> [Work to complete]
Which lines in the records below contain the word "Fruits"? Return each of them.

Stored dataset items:

= = = = =

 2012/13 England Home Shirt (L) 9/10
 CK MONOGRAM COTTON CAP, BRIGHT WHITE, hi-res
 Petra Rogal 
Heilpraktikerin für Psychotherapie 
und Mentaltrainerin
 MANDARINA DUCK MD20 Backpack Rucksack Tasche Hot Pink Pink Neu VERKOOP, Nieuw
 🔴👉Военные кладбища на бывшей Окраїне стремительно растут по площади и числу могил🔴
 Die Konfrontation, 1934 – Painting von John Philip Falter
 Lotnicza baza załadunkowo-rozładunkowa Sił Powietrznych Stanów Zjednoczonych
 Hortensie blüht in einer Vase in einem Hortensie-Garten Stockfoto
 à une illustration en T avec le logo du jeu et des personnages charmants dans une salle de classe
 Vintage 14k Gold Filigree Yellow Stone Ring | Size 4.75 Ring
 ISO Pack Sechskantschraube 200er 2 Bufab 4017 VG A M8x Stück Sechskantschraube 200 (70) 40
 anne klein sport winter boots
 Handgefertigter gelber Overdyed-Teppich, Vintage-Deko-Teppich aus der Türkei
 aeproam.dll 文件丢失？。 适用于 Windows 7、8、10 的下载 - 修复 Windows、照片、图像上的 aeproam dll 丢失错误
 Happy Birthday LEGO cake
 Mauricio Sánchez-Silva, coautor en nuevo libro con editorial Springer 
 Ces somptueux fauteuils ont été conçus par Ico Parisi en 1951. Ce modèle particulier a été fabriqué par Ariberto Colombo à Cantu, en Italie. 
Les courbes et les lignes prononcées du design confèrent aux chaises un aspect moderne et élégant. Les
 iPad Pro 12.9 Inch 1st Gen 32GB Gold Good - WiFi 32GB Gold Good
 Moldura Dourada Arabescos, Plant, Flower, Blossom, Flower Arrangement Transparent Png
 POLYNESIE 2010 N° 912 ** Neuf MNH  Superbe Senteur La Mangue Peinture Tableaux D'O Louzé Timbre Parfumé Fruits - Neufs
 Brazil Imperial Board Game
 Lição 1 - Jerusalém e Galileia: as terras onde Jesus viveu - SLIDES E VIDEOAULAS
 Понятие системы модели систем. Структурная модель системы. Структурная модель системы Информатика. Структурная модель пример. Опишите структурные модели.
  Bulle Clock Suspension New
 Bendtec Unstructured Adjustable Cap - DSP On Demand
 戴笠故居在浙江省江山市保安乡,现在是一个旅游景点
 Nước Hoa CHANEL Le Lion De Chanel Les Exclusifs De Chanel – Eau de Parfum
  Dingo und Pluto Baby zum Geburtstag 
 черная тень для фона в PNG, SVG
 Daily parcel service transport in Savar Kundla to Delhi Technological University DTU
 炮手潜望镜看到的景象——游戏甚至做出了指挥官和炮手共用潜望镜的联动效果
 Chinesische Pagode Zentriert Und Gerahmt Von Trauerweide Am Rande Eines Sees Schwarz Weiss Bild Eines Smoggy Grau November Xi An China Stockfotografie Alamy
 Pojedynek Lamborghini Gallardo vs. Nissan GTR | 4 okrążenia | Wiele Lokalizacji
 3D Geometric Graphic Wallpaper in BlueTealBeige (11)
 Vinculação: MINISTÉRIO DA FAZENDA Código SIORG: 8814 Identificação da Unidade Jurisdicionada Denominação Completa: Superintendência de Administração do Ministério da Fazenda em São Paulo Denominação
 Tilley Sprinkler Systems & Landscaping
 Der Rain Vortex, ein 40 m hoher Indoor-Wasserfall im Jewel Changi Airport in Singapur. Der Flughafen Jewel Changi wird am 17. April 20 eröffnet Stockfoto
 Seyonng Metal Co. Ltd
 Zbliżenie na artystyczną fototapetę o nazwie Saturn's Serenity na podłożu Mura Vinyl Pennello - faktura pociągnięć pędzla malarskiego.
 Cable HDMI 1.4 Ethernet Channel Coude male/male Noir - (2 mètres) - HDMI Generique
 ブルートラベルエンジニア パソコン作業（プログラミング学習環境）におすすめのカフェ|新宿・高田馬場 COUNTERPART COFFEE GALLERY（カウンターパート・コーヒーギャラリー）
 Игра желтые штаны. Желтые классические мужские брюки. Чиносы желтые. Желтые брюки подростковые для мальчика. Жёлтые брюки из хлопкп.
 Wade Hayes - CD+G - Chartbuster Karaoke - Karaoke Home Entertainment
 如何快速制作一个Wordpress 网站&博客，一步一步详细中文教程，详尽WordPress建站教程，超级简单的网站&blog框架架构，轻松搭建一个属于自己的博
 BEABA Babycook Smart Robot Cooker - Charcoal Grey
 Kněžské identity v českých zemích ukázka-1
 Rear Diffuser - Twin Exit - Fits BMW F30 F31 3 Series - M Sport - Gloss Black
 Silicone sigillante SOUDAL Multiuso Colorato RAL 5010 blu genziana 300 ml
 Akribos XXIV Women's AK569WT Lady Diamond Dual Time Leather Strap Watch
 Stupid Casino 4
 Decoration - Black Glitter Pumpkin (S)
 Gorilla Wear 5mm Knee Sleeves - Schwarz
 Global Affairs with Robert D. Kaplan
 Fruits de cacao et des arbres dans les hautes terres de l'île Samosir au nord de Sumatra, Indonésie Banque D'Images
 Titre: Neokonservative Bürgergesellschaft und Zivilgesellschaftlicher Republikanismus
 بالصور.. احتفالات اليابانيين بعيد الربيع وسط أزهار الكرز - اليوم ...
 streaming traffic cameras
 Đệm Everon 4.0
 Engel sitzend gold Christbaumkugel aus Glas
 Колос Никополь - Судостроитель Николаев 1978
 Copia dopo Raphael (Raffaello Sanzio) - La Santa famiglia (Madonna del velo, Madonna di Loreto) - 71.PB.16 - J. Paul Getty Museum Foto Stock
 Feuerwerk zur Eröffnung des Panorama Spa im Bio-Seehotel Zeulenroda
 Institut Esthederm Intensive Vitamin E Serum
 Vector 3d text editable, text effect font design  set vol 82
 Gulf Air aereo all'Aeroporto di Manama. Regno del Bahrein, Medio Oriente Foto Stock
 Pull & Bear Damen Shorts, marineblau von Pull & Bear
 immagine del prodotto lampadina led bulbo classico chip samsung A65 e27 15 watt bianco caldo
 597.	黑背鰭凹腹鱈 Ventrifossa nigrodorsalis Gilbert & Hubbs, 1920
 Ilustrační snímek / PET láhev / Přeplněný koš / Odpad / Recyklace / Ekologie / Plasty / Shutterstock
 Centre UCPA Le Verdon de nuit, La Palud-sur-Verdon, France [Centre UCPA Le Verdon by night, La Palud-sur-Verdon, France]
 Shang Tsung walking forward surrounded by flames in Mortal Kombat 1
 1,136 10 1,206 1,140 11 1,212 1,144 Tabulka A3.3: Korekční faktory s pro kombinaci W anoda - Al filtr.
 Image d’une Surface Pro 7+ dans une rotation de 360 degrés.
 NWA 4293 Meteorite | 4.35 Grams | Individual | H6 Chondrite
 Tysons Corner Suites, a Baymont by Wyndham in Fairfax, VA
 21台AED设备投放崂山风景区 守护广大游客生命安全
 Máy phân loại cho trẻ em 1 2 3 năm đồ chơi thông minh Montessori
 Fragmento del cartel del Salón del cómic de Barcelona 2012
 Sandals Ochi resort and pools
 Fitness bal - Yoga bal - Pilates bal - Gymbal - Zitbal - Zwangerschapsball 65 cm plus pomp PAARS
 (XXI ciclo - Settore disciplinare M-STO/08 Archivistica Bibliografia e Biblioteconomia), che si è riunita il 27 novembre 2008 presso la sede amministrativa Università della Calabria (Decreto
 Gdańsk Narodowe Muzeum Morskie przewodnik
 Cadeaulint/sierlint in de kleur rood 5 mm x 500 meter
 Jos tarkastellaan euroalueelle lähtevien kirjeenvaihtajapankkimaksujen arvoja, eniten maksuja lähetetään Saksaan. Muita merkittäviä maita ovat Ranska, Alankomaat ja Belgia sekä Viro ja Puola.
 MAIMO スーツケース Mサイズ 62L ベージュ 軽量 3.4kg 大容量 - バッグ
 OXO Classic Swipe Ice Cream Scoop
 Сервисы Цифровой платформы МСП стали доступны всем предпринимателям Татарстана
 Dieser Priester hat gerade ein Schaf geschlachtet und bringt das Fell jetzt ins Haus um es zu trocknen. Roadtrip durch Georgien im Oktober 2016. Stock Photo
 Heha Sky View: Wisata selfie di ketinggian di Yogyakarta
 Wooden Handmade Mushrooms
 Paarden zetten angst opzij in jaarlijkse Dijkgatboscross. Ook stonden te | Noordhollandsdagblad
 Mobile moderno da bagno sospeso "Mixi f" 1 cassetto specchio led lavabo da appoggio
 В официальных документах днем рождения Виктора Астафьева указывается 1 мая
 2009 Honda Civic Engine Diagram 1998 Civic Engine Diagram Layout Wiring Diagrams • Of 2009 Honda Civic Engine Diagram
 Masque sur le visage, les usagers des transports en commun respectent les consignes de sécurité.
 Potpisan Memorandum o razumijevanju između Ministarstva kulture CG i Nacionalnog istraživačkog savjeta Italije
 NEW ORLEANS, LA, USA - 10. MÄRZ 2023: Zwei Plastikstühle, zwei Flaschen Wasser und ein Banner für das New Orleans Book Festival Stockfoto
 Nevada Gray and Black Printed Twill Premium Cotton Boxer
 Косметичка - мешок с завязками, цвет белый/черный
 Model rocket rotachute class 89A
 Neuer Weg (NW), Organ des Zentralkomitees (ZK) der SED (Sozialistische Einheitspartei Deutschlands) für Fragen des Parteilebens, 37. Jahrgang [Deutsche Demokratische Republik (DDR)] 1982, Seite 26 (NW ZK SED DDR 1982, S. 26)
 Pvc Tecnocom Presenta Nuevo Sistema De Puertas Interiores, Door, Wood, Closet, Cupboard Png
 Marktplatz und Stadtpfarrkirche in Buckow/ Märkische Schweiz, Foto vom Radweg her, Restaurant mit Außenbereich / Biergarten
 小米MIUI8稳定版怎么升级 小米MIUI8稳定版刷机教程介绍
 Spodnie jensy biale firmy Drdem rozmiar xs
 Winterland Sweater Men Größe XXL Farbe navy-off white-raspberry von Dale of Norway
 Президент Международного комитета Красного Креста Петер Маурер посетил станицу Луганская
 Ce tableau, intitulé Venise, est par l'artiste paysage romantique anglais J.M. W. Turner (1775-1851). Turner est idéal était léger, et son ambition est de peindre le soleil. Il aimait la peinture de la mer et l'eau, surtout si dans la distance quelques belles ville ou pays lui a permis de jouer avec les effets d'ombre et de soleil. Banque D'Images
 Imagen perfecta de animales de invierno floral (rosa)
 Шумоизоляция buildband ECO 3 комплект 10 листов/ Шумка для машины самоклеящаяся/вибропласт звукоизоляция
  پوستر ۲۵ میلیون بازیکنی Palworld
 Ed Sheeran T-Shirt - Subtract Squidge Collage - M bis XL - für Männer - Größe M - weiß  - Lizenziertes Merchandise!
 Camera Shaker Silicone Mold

= = = = =

> [Result]
 POLYNESIE 2010 N° 912 ** Neuf MNH  Superbe Senteur La Mangue Peinture Tableaux D'O Louzé Timbre Parfumé Fruits - Neufs
 Fruits de cacao et des arbres dans les hautes terres de l'île Samosir au nord de Sumatra, Indonésie Banque D'Images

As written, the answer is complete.